Trying to fix flakiness seems wasteful to me.

Initially, you’re not testing but you’re spending your time coding a separate product that you expect will tell you nothing (UI automation). See Cem Kaner’s definition of a good test which goes something like: reveals new information about a product. If you didn’t find anything new your test has failed.

Then instead of stopping there, and doing some testing or building automation that will aid your testing, you check the UI automation daily, going through the failures. More time is spent again there.

Then you’re not stopping there either, you want to ‘fix’ the failures. And have iterations of potential solutions. In the meantime, no testing happens as you’re busy.

Then you want to cover more, automate more because it’s fast. The coding time increases, maintenance increases, looking at failures increases. But then, is anyone left in the team finding problems in the product?

Then I’m assuming you’re not spending much time on the 95% of the automated UI checks. If no failure occurs, can you be certain you’re even looking for appropriate things that could fail and are important?

I believe the 95% should get more attention. As it has been recommended here, delete the flaky stuff. Reduce the time you’re wasting on not doing good testing.

joaofarias · 18 October 2023 09:22

Simplifying the SUT may help.

1 - Are you rendering unnecessary components?

E.g. you have a scenario about a search bar, but you end up rendering the the foot component?
By rendering only the search bar, you remove the fragility of your search bar scenario regarding the foot.

2 - Isolate the UI

Are you executing code that are not your target, e.g. business logic? By isolating the UI, you remove the fragility of your UI scenarios from other pieces of code.

3 - TDD

By moving in tiny steps driven by a failed checks, you will tend to have always a stable suite of checks in green state. If you make code something in the production code that makes the suite unstable, this code will be tiny, easy to identify and revert. The whole problem happens when you make big moves and only validate their stability after putting all this work - do the contrary, move small and check continuously.

sharmon · 18 October 2023 11:36

I would question if you need that many End to End tests. You can check out this blog from google where they talk about the need for E2E but showcase how and why you should limit them. If the tests are flakey I personally would remove them. They aren’t doing much for you if you’re having to go back in and check the tests anyway, constantly, ruining the point of automation.

If you do need them then I would remove them for now, work on isolating the issues and problems. Fix them and re-introduce them to the nightly builds.

Google Testing Blog: Just Say No to More End-to-End Tests (googleblog.com)

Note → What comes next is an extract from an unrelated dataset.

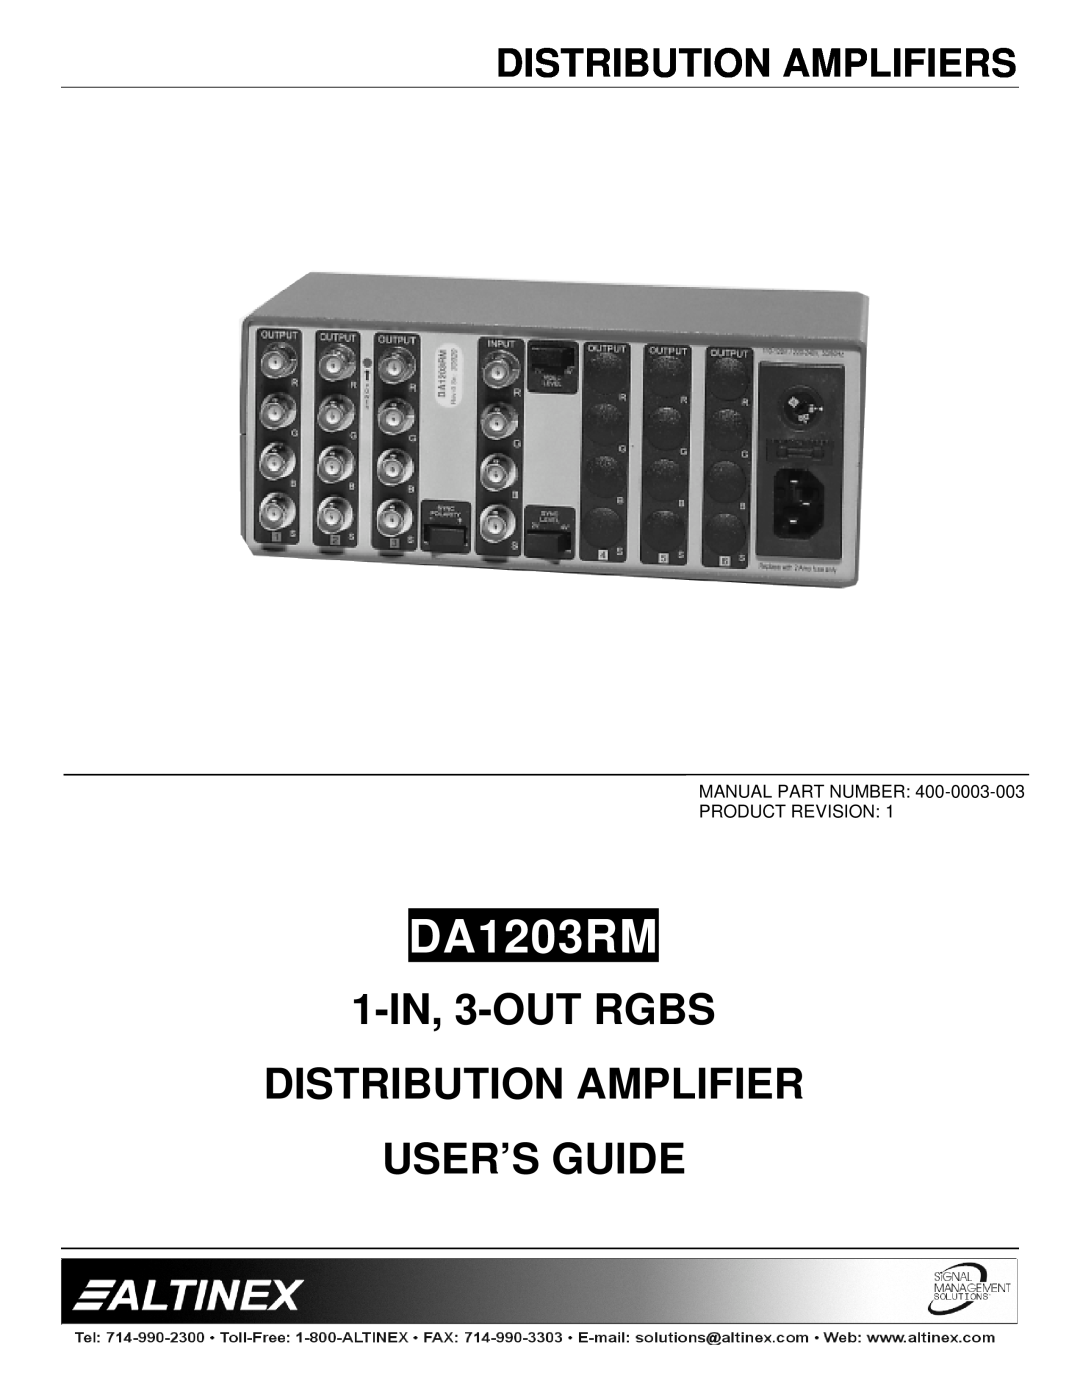 Altinex DA1203RM manual Distribution Amplifiers, 1-IN, 3-OUTRGBS DISTRIBUTION AMPLIFIER, User’S Guide 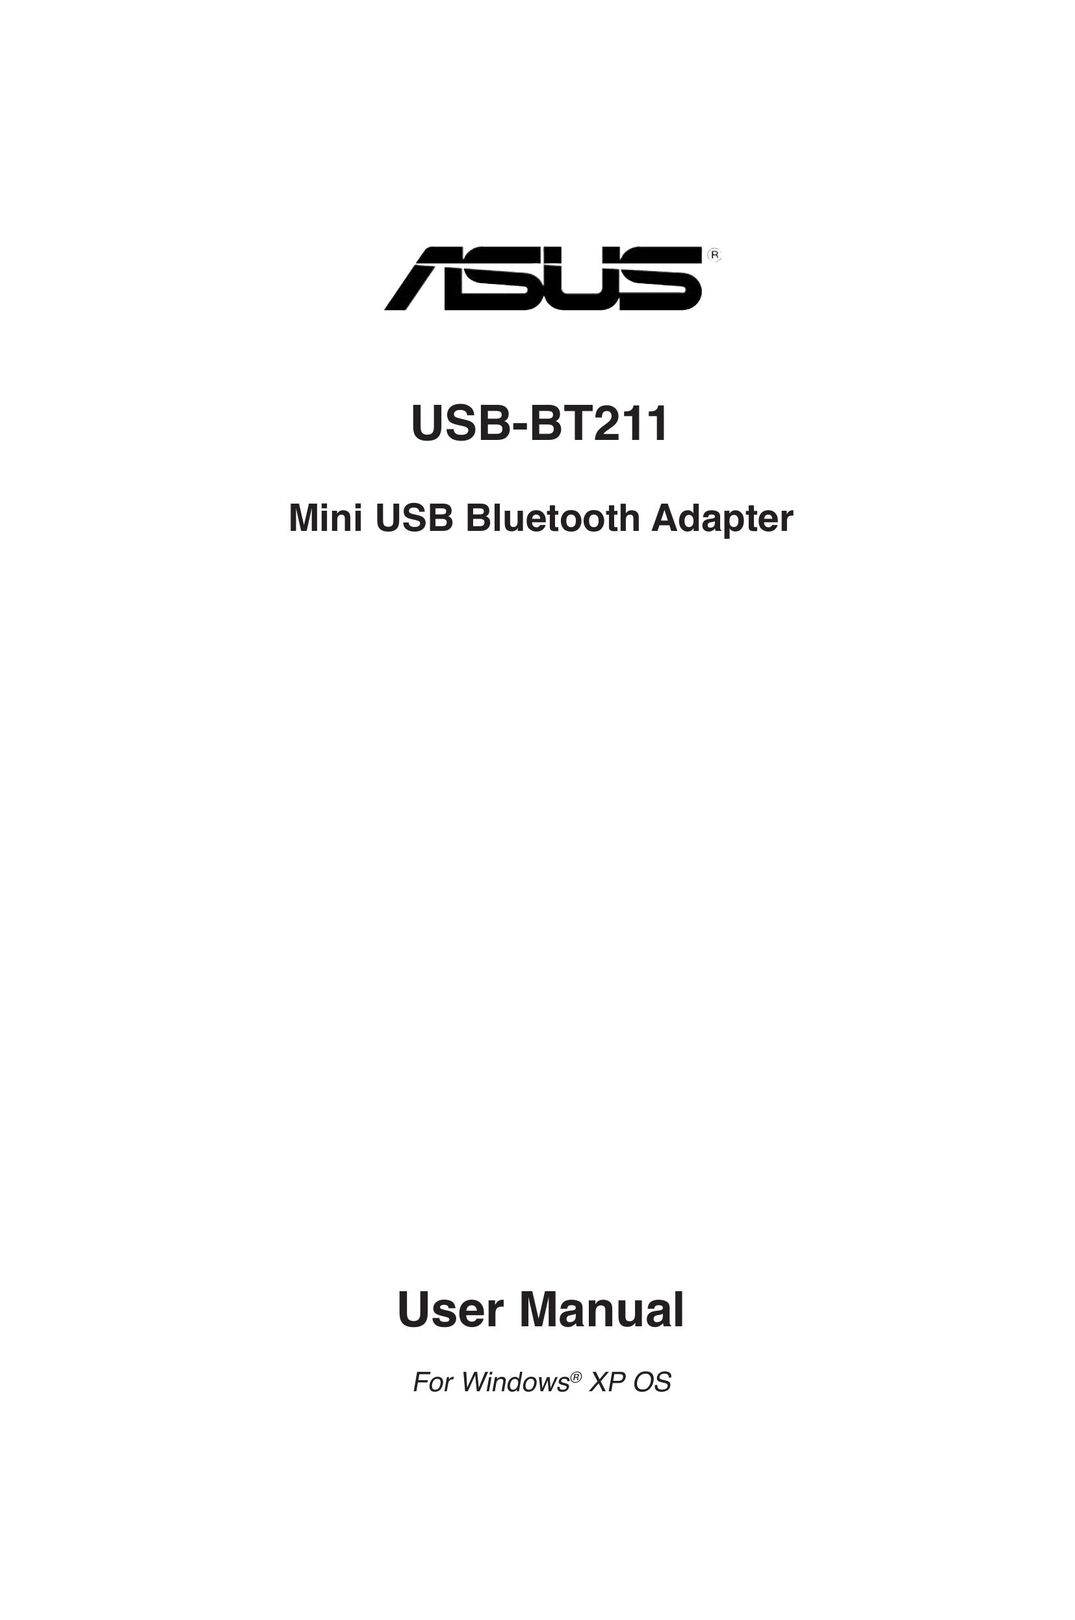 Asus USBBT211 Computer Accessories User Manual

lgibbs · 18 October 2023 15:24

Yes, I inherited an automated test suite with this very problem. Reducing the failure rate of these tests was not easy.

First, any tests that do fail, we rerun - even if that test has a history of failing for no reason. This means we know if the failures are hiding a bug that may have been introduced.

If the tests pass on rerun, then I mark these tests as ‘flaky’ and aim to reduce flakiness in the future. Here are a few things I do to reduce flakiness:

Run the test multiple times, 20 times at least, to get an idea of how often this test will fail.
See if there is a common step within the flaky tests where the failure occurs. Its usually a step within the test that is flaky, rather than the test itself. Fix the step, then you may reduce flakiness on multiple tests.
For timing issues, consider introducing waits into the test (not sleeps) - for example, wait for a button to load. A common cause of a flaky test is the page or element on the page not loading quick enough, so allow the test to wait for an element which the test is interacting with to finish loading before continuing with the test.
(Check out section on explicit waits here: Waiting Strategies | Selenium)

Without more information about specific issues, I can’t provide you with any more pointers on reducing flakiness in tests. All I can say is reducing the failure rate takes time. Take it one test at a time, investigate, try to improve the tests pass rate, then move onto the next test. Over time, you will eventually get 99%+ tests passing each time.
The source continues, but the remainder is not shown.